In [1]:
from transformers import pipeline, T5Tokenizer, TFT5ForConditionalGeneration
import tensorflow as tf

print("Libraries imported successfully!")
print(f"TensorFlow version: {tf.__version__}")


Libraries imported successfully!
TensorFlow version: 2.20.0


In [2]:
# Cell 2: Our Sample Data (Input)
# (Please re-run this cell to ensure we're using this text)

MEETING_TRANSCRIPT = """
Tom: Okay everyone, let's kick off. The main goal today is to finalize the new marketing slogan for the Q4 launch. Sarah, what does your team have?

Sarah: Thanks, Tom. We've narrowed it down to three options. "Innovation for Tomorrow," "Your Future, Our Passion," and "Simply Better." The data suggests "Simply Better" is resonating most with our test groups.

Alex: I agree. It's clean and direct. "Innovation for Tomorrow" is too generic.

Tom: Good point, Alex. Let's go with "Simply Better." Sarah, can you please get the final design assets to the web team?

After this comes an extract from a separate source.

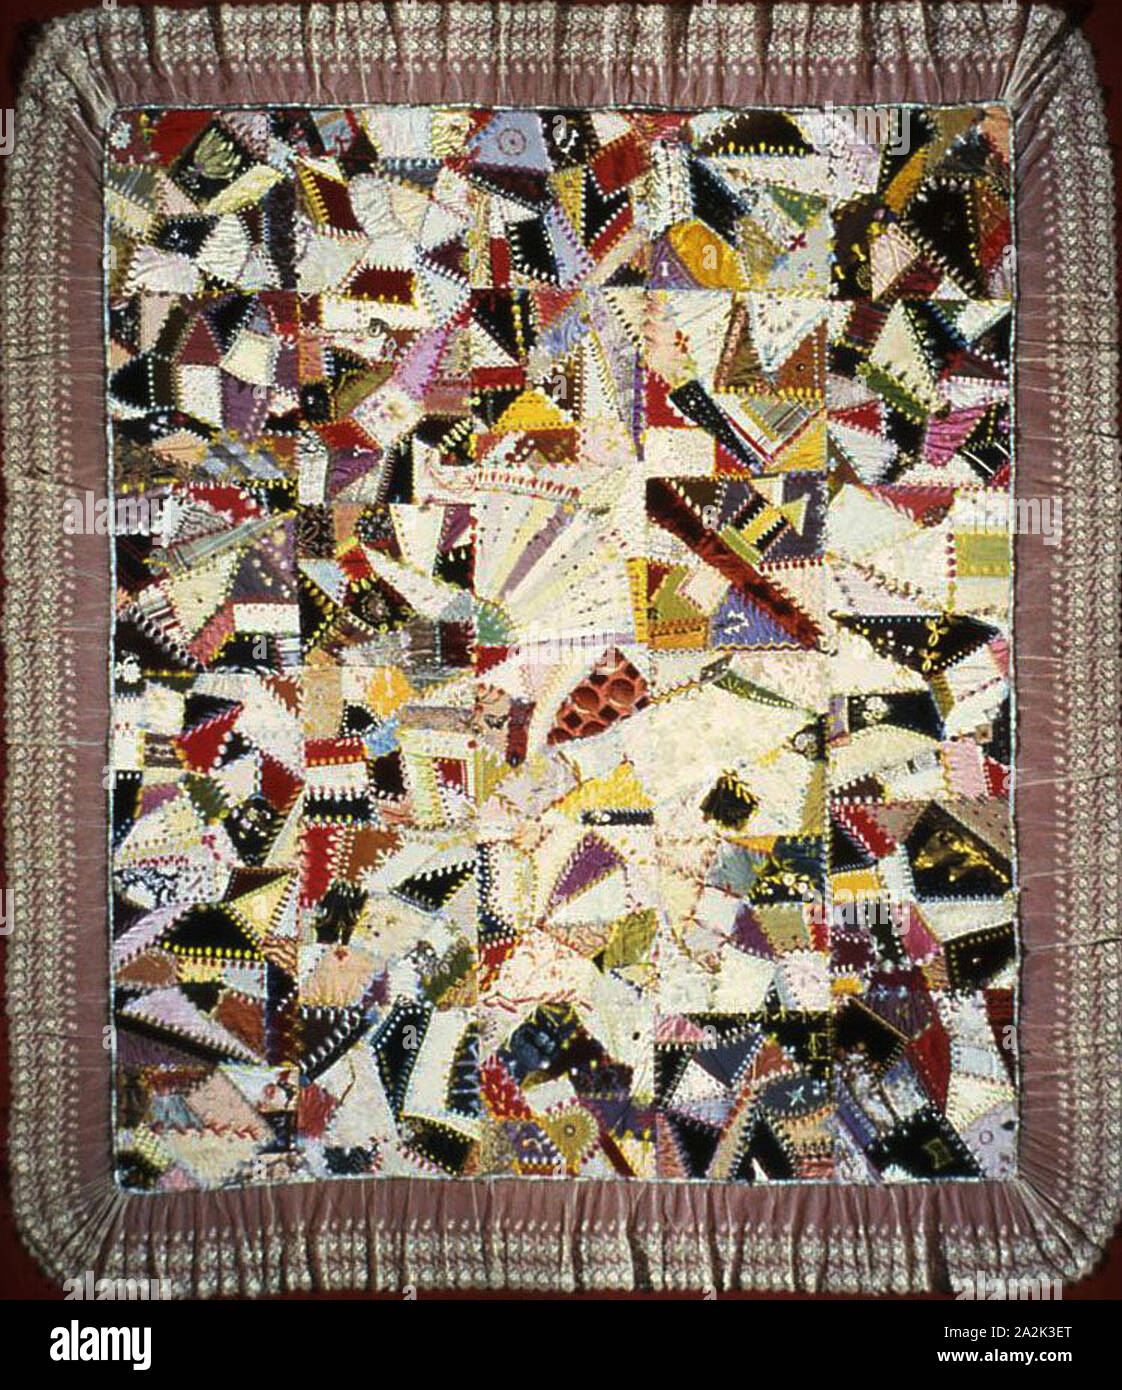 Bedcover (Crazy Quilt), 1880/85, United States, Silk, cotton, and wool, pieced plain, twill, and satin weaves, some with velvet, some with patterning and brocading wefts, and some self-patterned, some printed / painted, some watered (moiré), embroidered with silk, cotton, gilt-and-silvered-metal-strip-wrapped cotton and silk, and copper-metal-strip-wrapped wool in back, individual back, chain, detached chain, eyelet, feather, herringbone, overcast, satin, surface satin, single, stem stitches, laid work and couching, embellished and appliquéd with gilt and silver metal and gelatin paillettes Stock Photo

Sarah: Will do. I'll have them sent over by end-of-day Friday.

Alex: I also have an action item. I will coordinate with the legal team to get the trademark paperwork started for "Simply Better." I should have an update on that by our next meeting.

Tom: Perfect. That's all for today. Great work, team.
"""

print("Sample transcript loaded.")

Sample transcript loaded.


In [3]:
print("Loading summarization model... (This may take a moment on first run)")

summarizer = pipeline("summarization", model="facebook/bart-large-cnn")

summary_output = summarizer(
    MEETING_TRANSCRIPT, 
    max_length=90, 
    min_length=30, 
    do_sample=False
)

print("\n--- ✅ MEETING SUMMARY ---")
print(summary_output[0]['summary_text'])

Loading summarization model... (This may take a moment on first run)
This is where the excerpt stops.